Соответственно, структура книги выглядит следующим образом. Глава 1 содержит введение в проблематику и предварительные результаты, являющиеся исходными посылками для дальнейшего анализа. Особое внимание здесь отведено принципу онтологической относительности и связанному с ним требованию онтологической нейтральности референции, дистинкции между метафизическим реализмом и реализмом относительно истины, а также вопросу о связи успешности референции и истинности референциальных высказываний. Показано, что для выполнения требования онтологической нейтральности используемая при подобном анализе теория истины должна иметь определенную форму, которой лучше всего отвечает когерентная концепция истины. Во второй главе обсуждаются различные варианты критериев референциальности, их возможные претензии на достаточность, взаимопересечения и взаимозависимости; показано, что объемлющим является критерий поддержки системой референций, носящий молекуляристский характер. Наконец, в третьей главе предпринимается попытка дать такое объяснение референции, которое соответствовало бы этому критерию и другим предшествующим результатам. В качестве такого объяснения предлагается процессуально-каузальная теория референции.

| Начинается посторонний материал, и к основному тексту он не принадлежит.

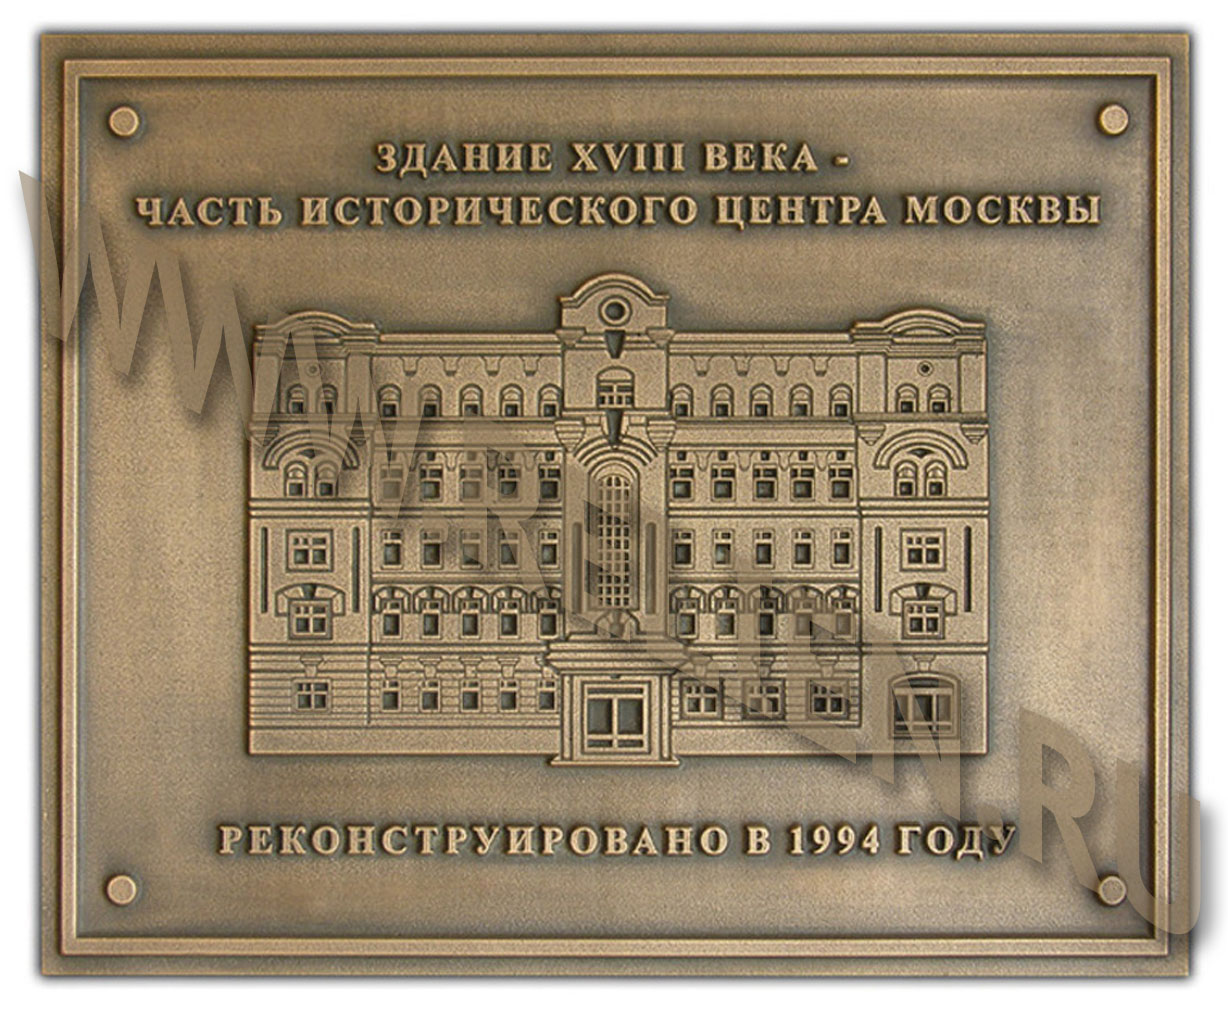 Бронзовая мемориальная доска с выпуклыми буквами и барельефом, изображенного на ней исторического здания 18-го века в центре Москвы. Охранная объемная фасадная вывеска изготовлена по технологии художественного литья.
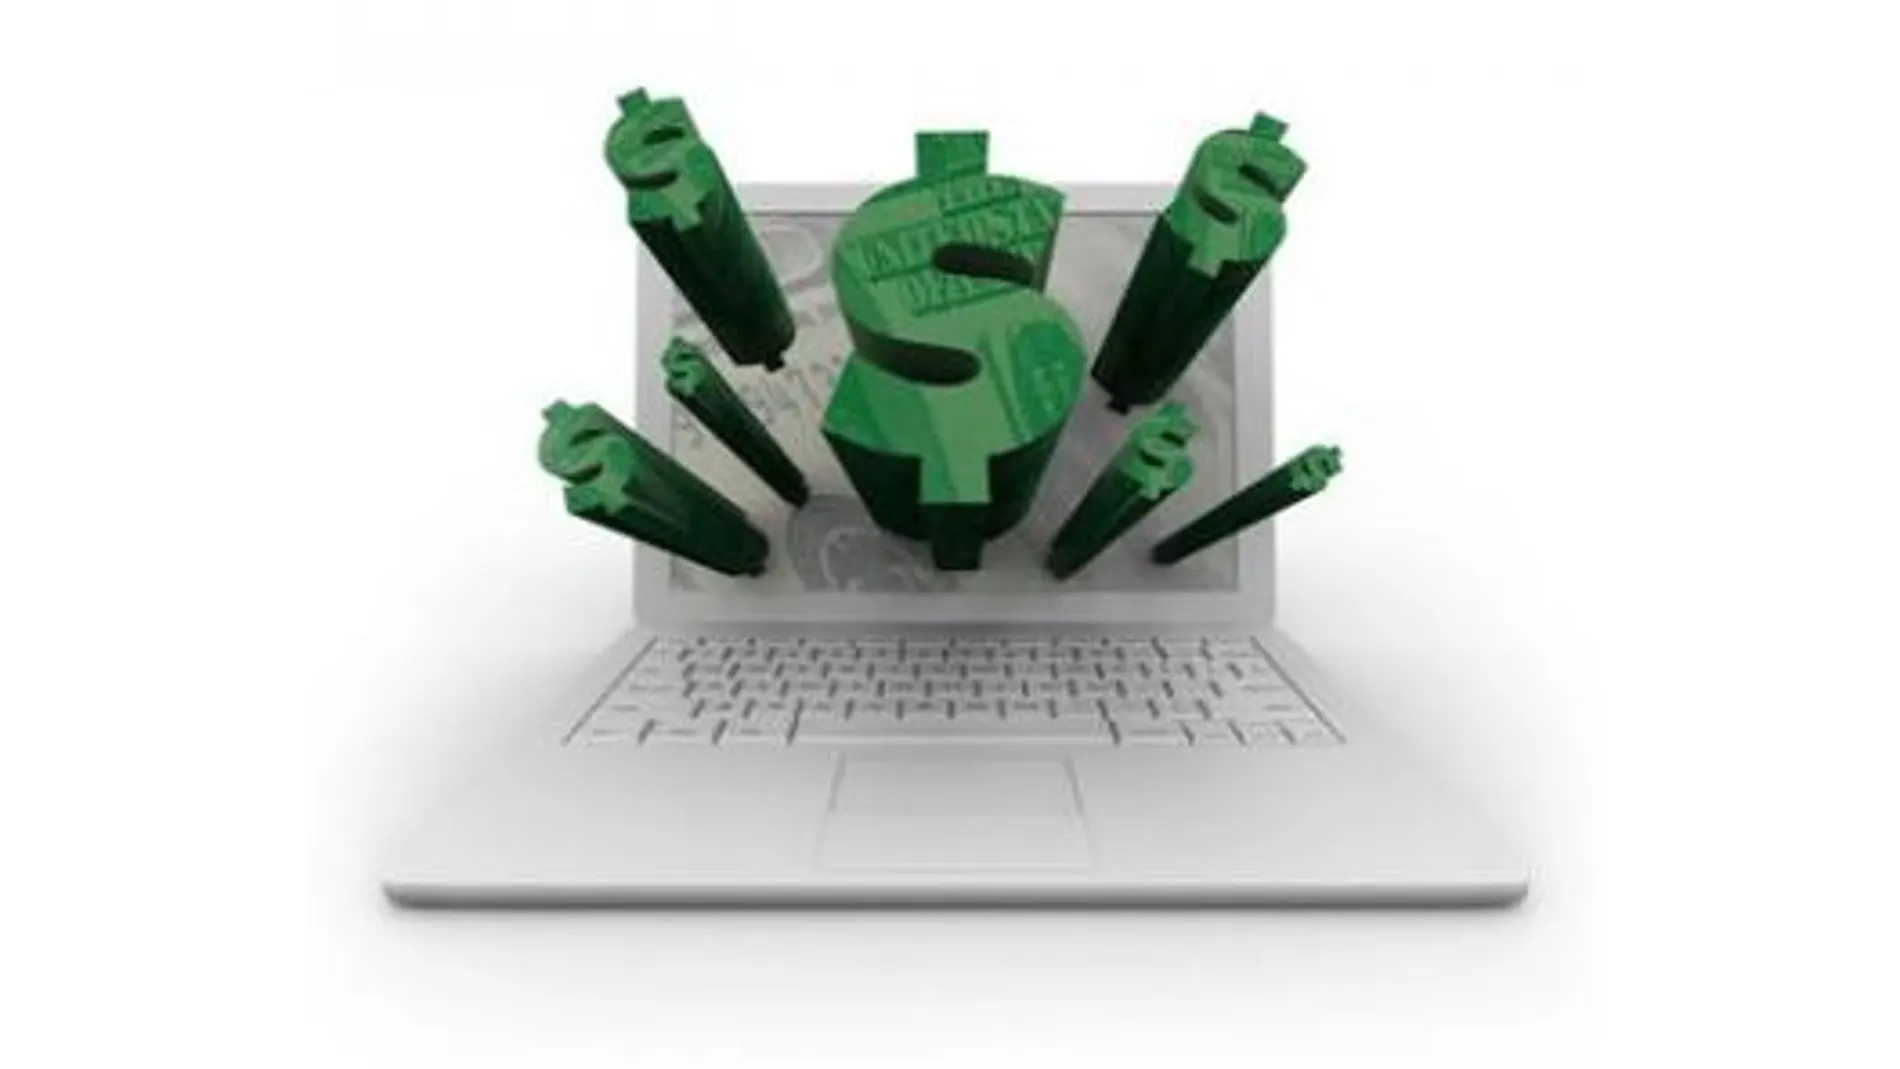 Préstamos rápidos Online, la mejor alternativa para obtener dinero rápido

[1] В связи с различением между узкой и расширенной трактовками референции уместно будет указать и на коррелирующее с ним различие между терминами «предмет» и «объект», которое отражено в этом нашем их употреблении: под предметом предполагается понимать все, что может быть референциально связанным с выражениями языка, независимо от своего онтологического статуса, тогда как «объект» здесь обозначает не только качественно, но и нумерически, отличную то других единицу реальности, т.е. референт, индивидуация которого зависит от онтологического статуса, предписываемого соответствующими – предметными – качествами.

[2] Или квази-уровне – если считать, например, что психология и физика разделены непреодолимой эпистемологической пропастью: так, что психофизические законы невозможны.

[3] Например, не исключено, что так обстоят дела в случае вопросов, подобных такому: «Как возможно механическое взаимодействие?» Постольку, поскольку ответ на него – теория – он, как предполагается, не может быть удовлетворительным, если он не включает ссылку на законы, которые сами как раз включают в свой состав описания механизма взаимодействия (или по крайней мере предполагают их).

[4] Между тем, теория референции, не исключено, вполне может явно претендовать на нечто большее, чме просто соблюдение минимального требования в описанном выше смысле, а именно – на раскрытие некоего механизма референции, описываемого тогда, например, в физических или психологических терминах – или предполагать его имплицитно. Такие претензии могут быть чреваты признанием невозможности решения семантических вопросов отдельно от решения психологических, физических или каких угодно дополнительных по отношению к семантическим вопросов, какие только могут казаться существенными для выяснения «механизма» референциальности при подобном подходе.